Co-occurring disorders (previously called dual disorder or dual diagnosis) describe the existence of two or more than two disorders at the very same point in time. For instance, an individual can go through substance dependency while having bipolar disorder, too.
Just like the area of treatment for drug use and psychological disorders has developed to become more exact, the terminology that is employed to describe people who suffer both from psychological disorders and drug use has also become more precise.
The terms dual disorder or dual diagnosis are replaced by the term co-occurring disorders. The terms being replaced may be misleading as they also refer to mental disorders and mental retardation occurring together in addition to their popular reference to a combination of substance abuse and mental disorders.
Also, there can be more than just two disorders present, while these terms are implying otherwise. Patients who have coexisting conditions can have one or more conditions associated with alcohol or drug dependency and also one or more mental condition. An identification of co-existing condition is made when there is an existence of at least one disorder of each type which is also separate from the other, not just a series of indications stemming from a particular disorder.
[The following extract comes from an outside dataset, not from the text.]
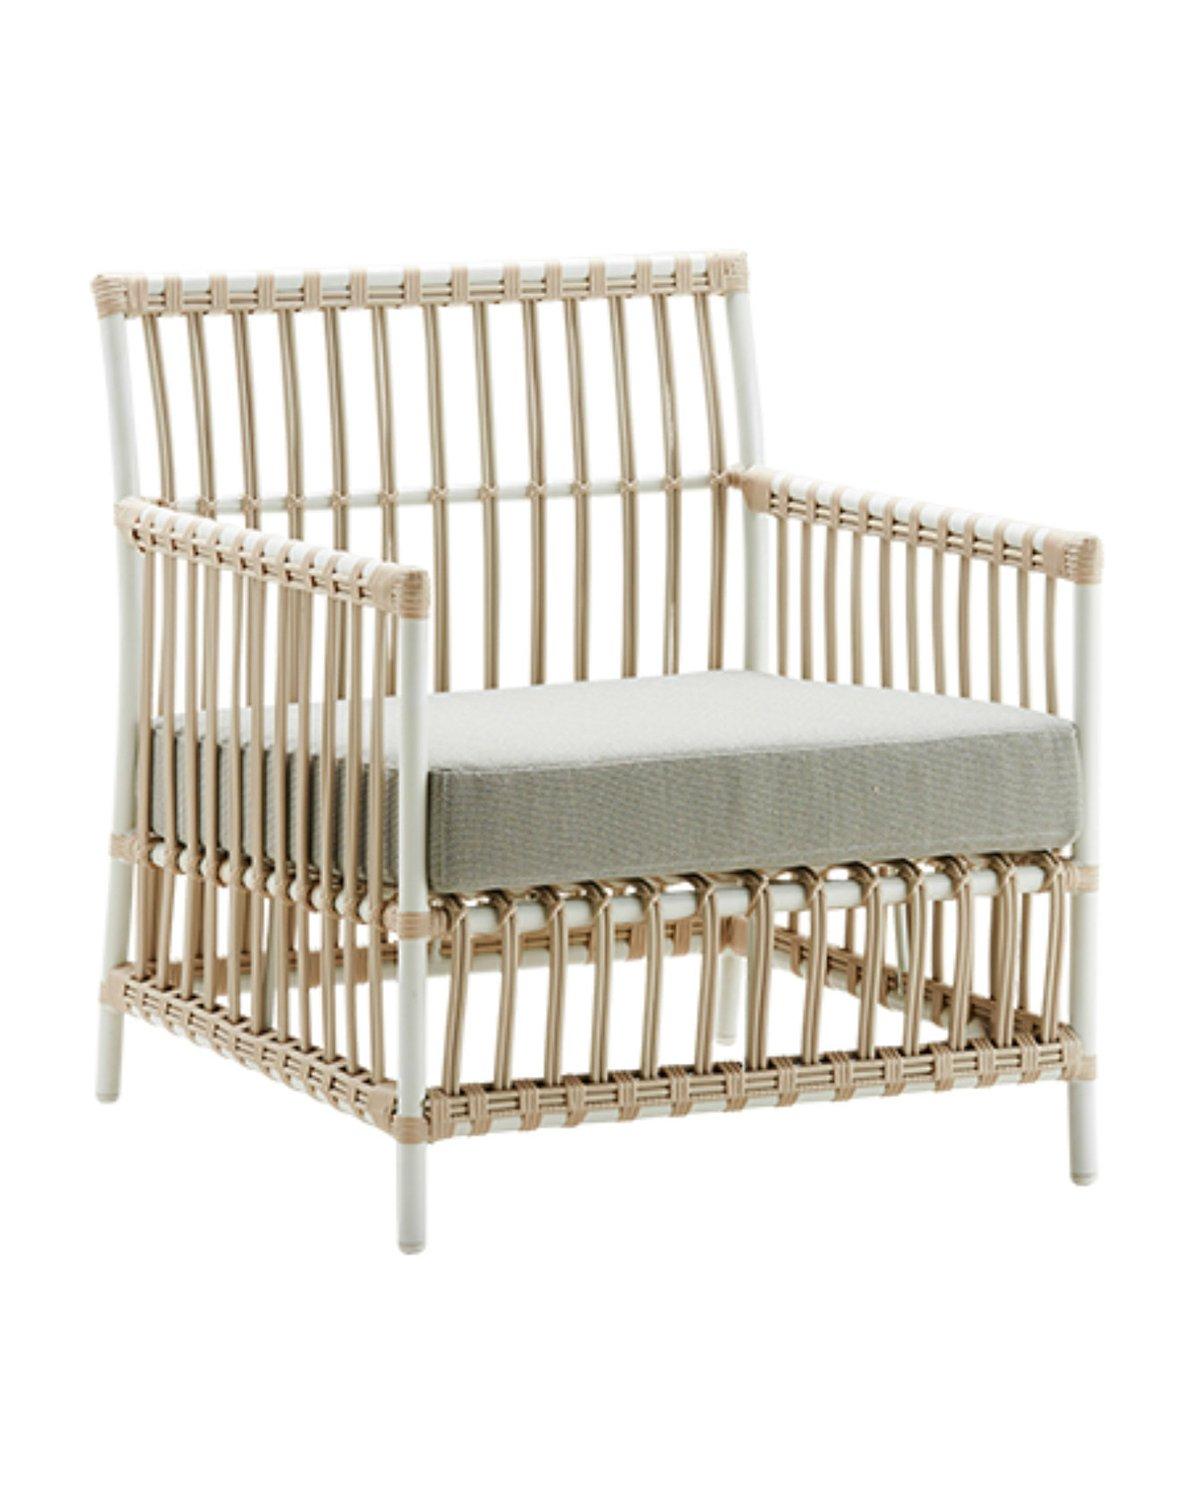 Riboldi_Lounge_Chair.jpg
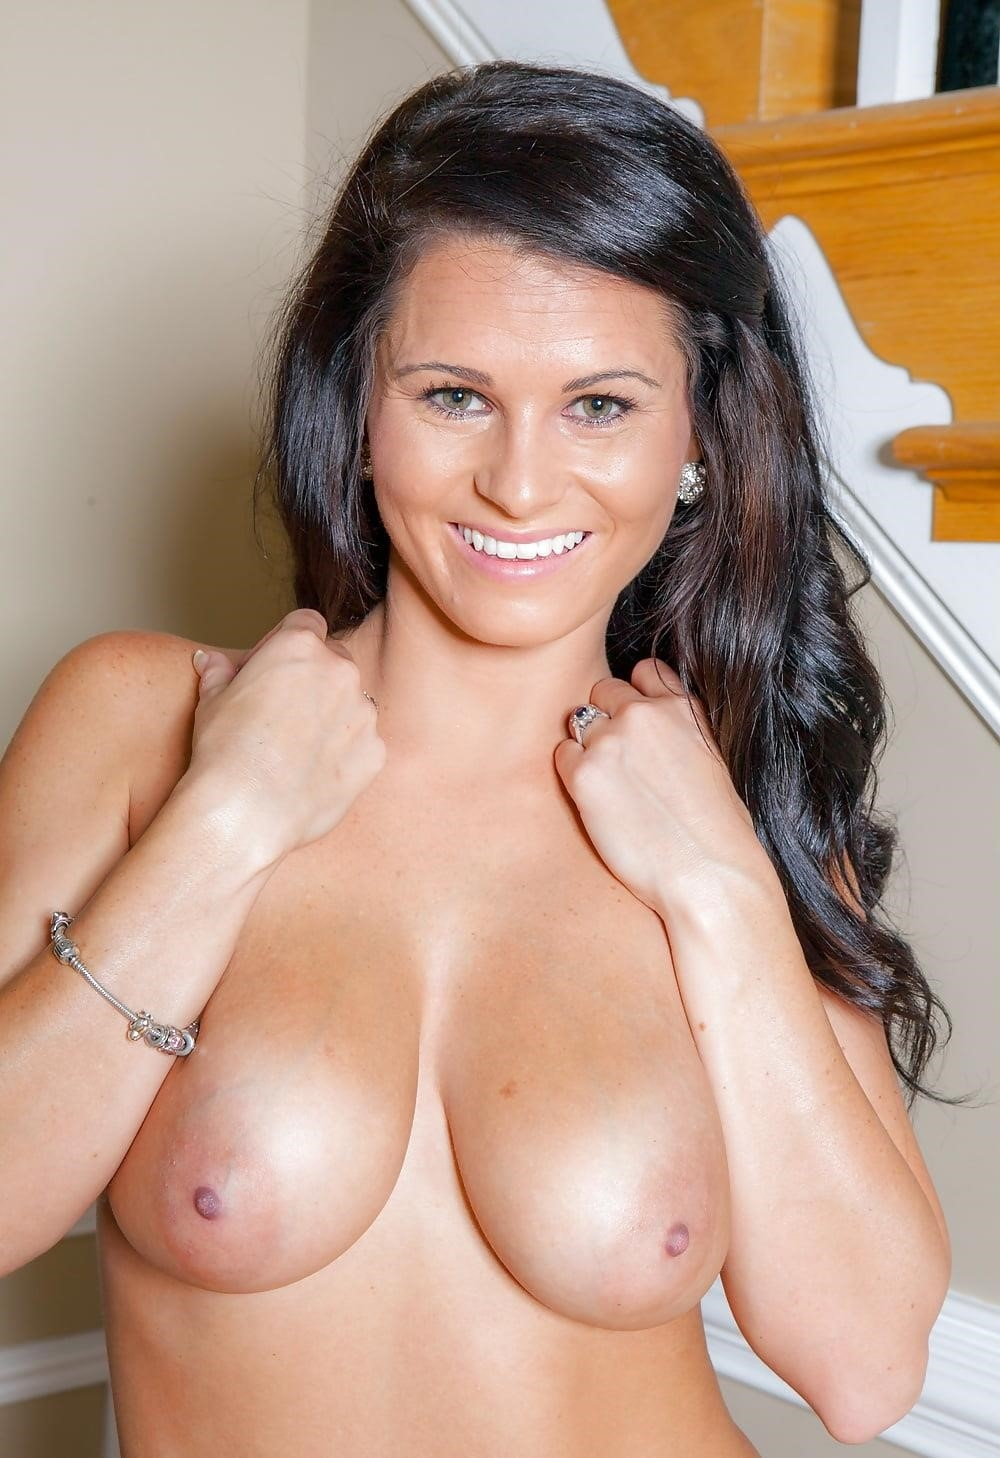 Big tits sheer lingerie-6461

Dual disorder is used interchangeably in this article to refer to co-occurring disorders although the latter is the most recent development in the lingo as used in the medical field.
For people that suffer from COD, another term is commonly used and it is MICA, which means Mentally Ill Chemical Abusers in cases where patients suffer from an extreme and constant mental disorder like bipolar disorder or schizophrenia. The most ideal term used is mentally ill chemically affected individuals because the term affected more aptly describes their condition and is not derogatory. Other acronyms include SAMI (Substance abuse and mental illness), MISA (mentally ill substance abusers), MISU (mentally ill substance using), CAMI (chemical abuse and mental illness), ICO PSD (individuals with co-occurring psychiatric and substance disorders) and MIC'D (mentally ill chemically dependent).
Some typical examples of co-occurring disorders are the combinations of cocaine addiction with major depression, occasional polydrug abuse with borderline personality disorder, panic disorder with alcohol addiction and polydrug addiction and alcoholism with schizophrenia. Some people might have more than two disorders, even though the cornerstone of this is on dual disorders. Multiple disorders are usually based on the same principles that can be used when talking about dual disorders.
The mixture of psychiatric disorders and COD problems differ along important dimensions like chronicity, disability, severity, and degree of impairment in functioning. As an example, both disorders can be mild or serious or one disorder can be more serious than the other disorder. How severe the disorders are also varies with time and is not constant. Degree of disability and weakening of bodily functions can as well differ.
Therefore, it is important to note that there is no single combination of co-occurring disorders; they actually vary depending on the mentioned factors. Although patients with the same combination of dual disorders most of the time are met in some treatment programmes.
Over half of adult individuals having serious mental illness also have drug use disorders which can come in the form of misuse or dependency associated with the use of alcohol and drugs.
Compared patients who have a COD use problem alone or a mental health disorder, and more serious and chronic medical, social and emotional problems are often experienced by the patients with dual disorders. They are vulnerable to both COD relapse and a worsening of the psychiatric disorder because they have two disorders. Additionally, dependency relapse most of the time causes psychiatric functional deterioration and worsening of psychiatric difficulties which further results in dependency relapse. That means that patients with co-occurring disorders require a specific relapse prevention plan. Unlike patients who only have one disorder, those with dual disorders would mostly need prolonged treatment, have more difficulties and have slow progress in treatment.
Psychiatric disorders which is rampant among patients having dual disorders and can comprise of anxiety disorders, mood disorders, psychotic disorders and personality disorders.